[Assigned task] Below are some records. Write out exactly their lines from the one with "Vegan Rice Noodle" through the one with "Cambiocaldaiaonline.it AURORA 3M", and leave the pictures behind.

[Record extracts]

▬▬▬▬▬▬▬▬▬▬

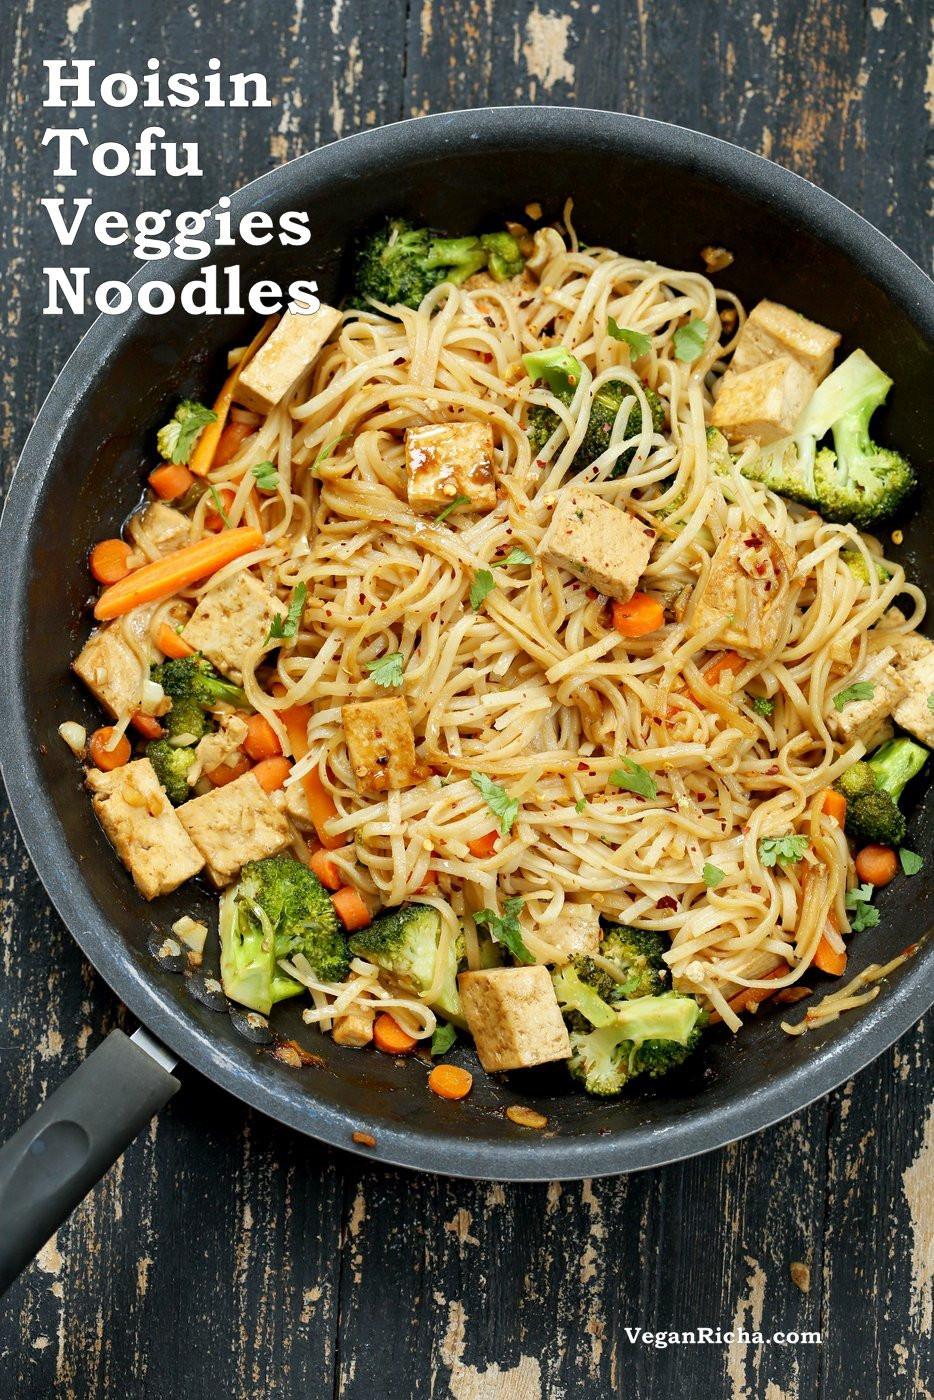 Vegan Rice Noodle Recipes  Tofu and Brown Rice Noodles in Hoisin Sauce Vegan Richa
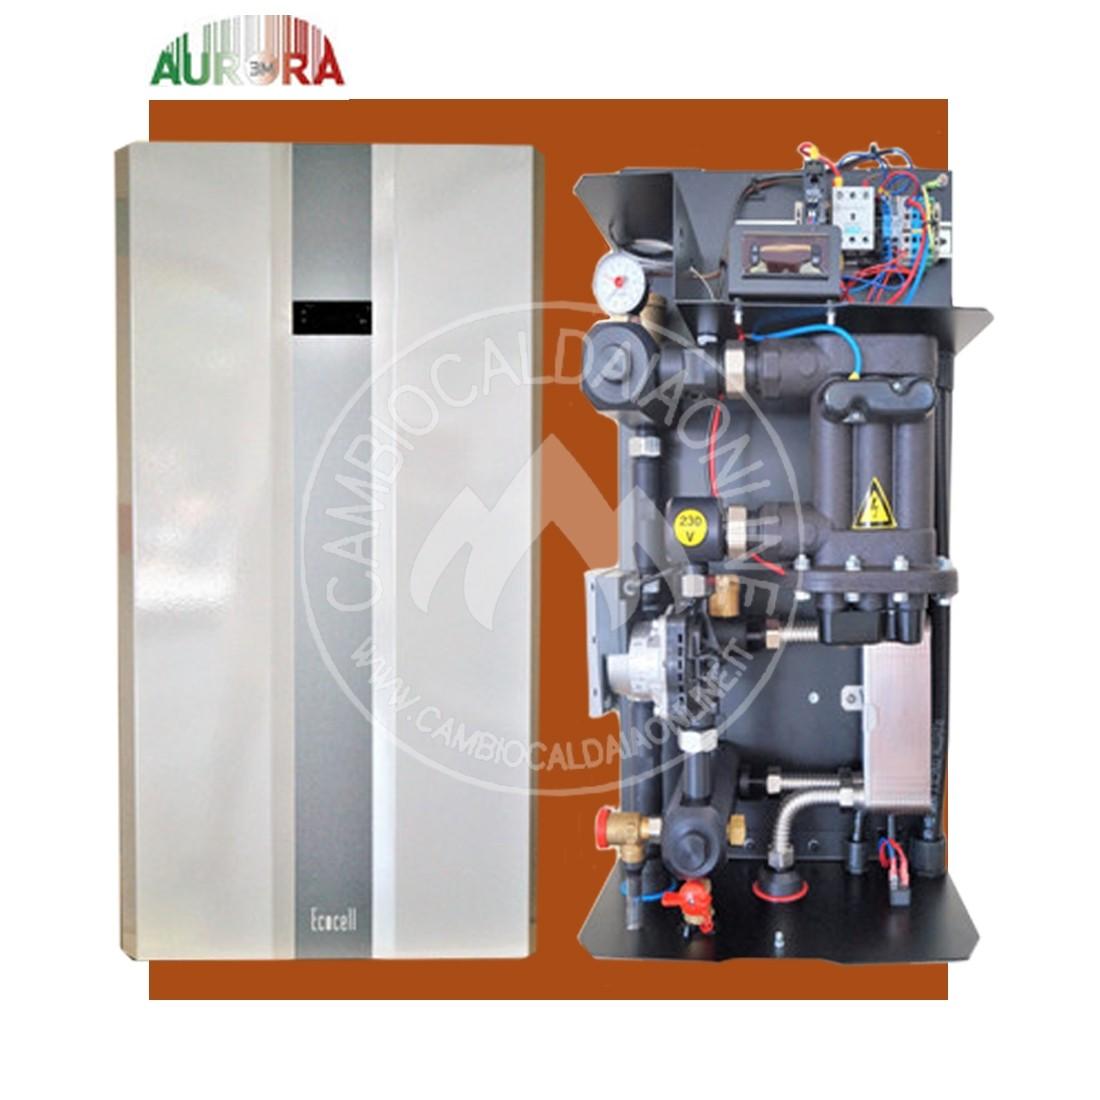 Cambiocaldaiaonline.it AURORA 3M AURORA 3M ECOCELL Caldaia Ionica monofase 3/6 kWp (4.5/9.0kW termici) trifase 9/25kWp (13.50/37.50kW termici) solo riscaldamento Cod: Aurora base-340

▬▬▬▬▬▬▬▬▬▬

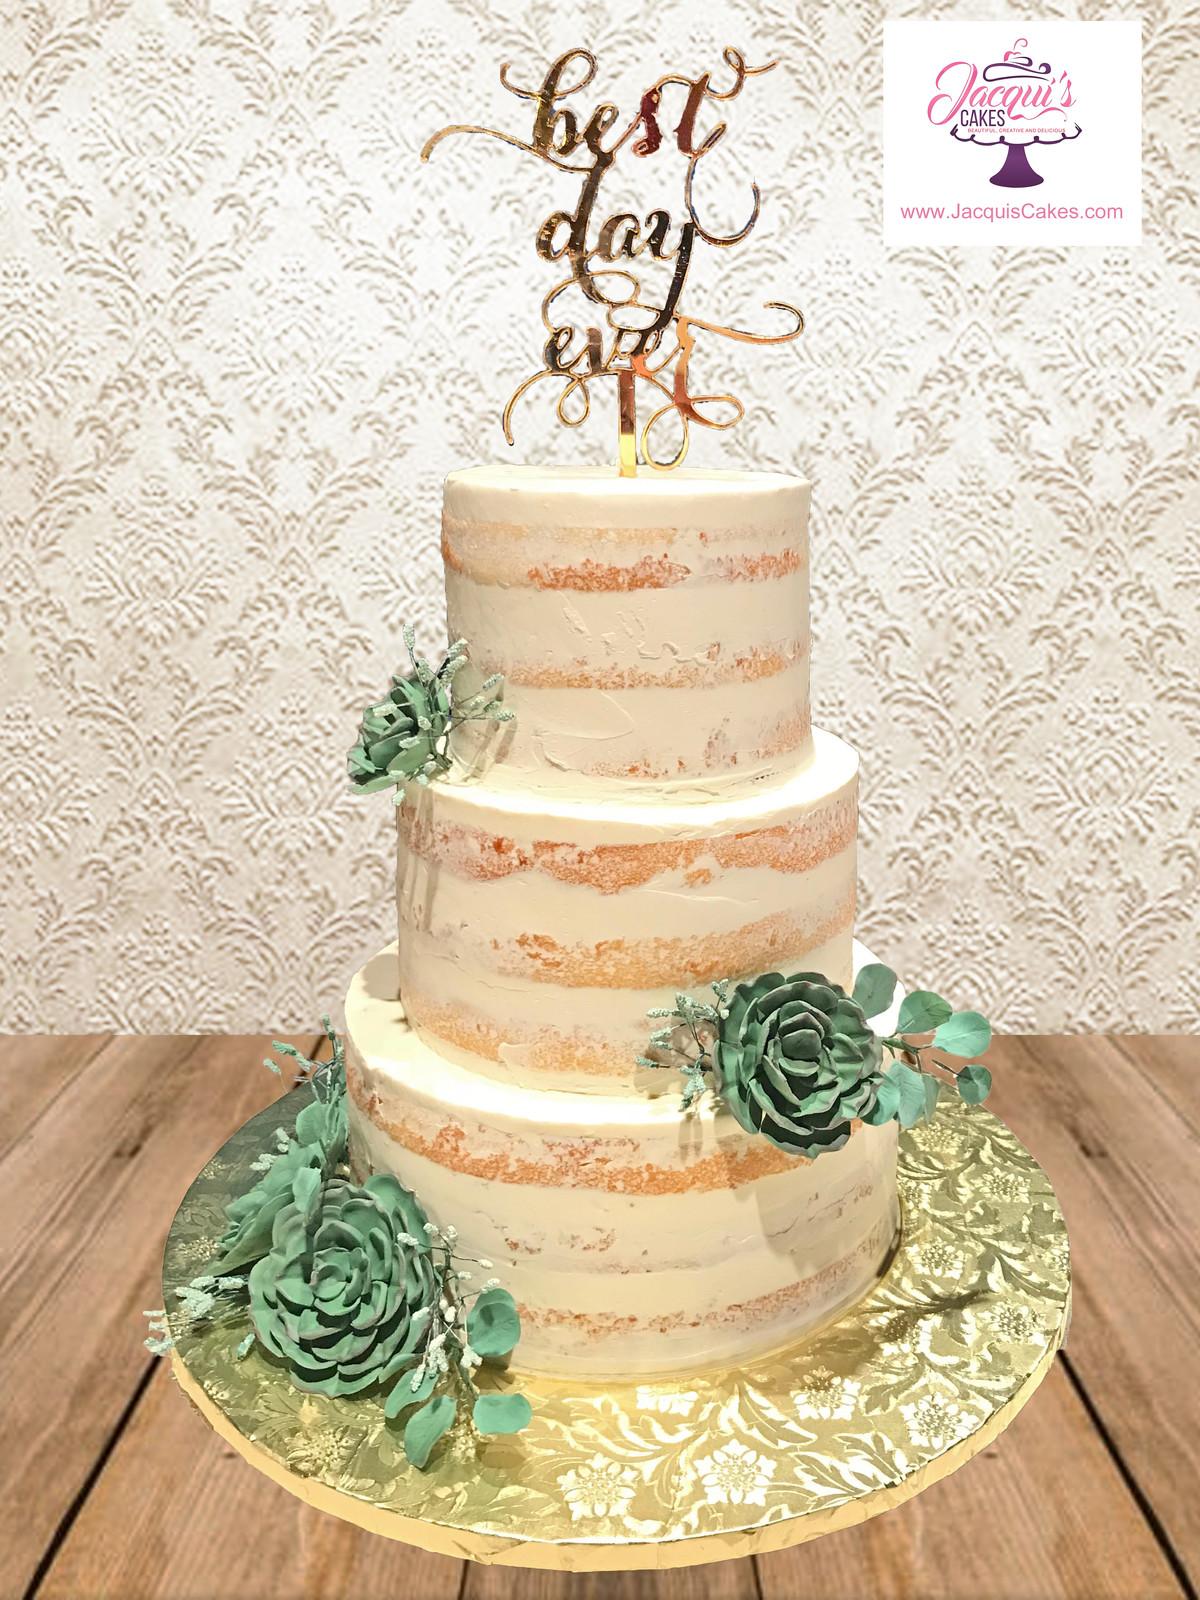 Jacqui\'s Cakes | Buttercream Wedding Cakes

▬▬▬▬▬▬▬▬▬▬

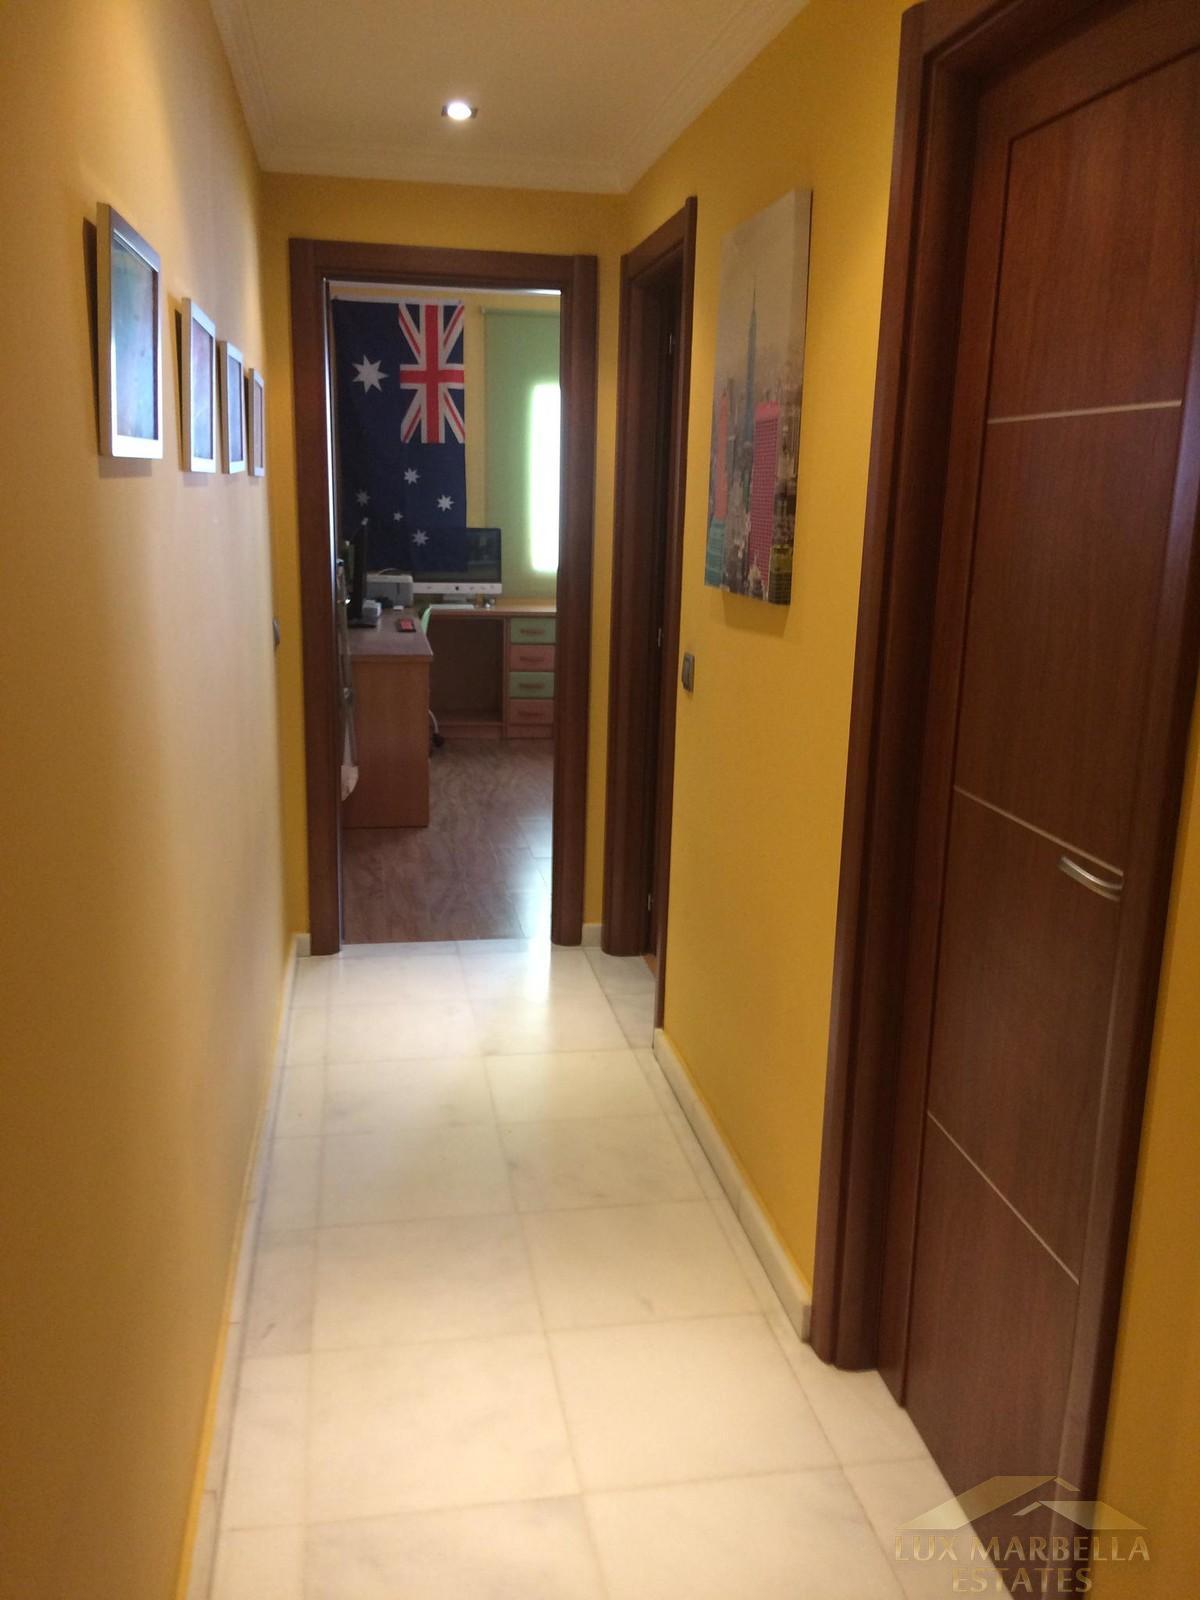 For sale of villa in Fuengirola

▬▬▬▬▬▬▬▬▬▬

[Solution for this exercise]
 Vegan Rice Noodle Recipes  Tofu and Brown Rice Noodles in Hoisin Sauce Vegan Richa
 Cambiocaldaiaonline.it AURORA 3M AURORA 3M ECOCELL Caldaia Ionica monofase 3/6 kWp (4.5/9.0kW termici) trifase 9/25kWp (13.50/37.50kW termici) solo riscaldamento Cod: Aurora base-340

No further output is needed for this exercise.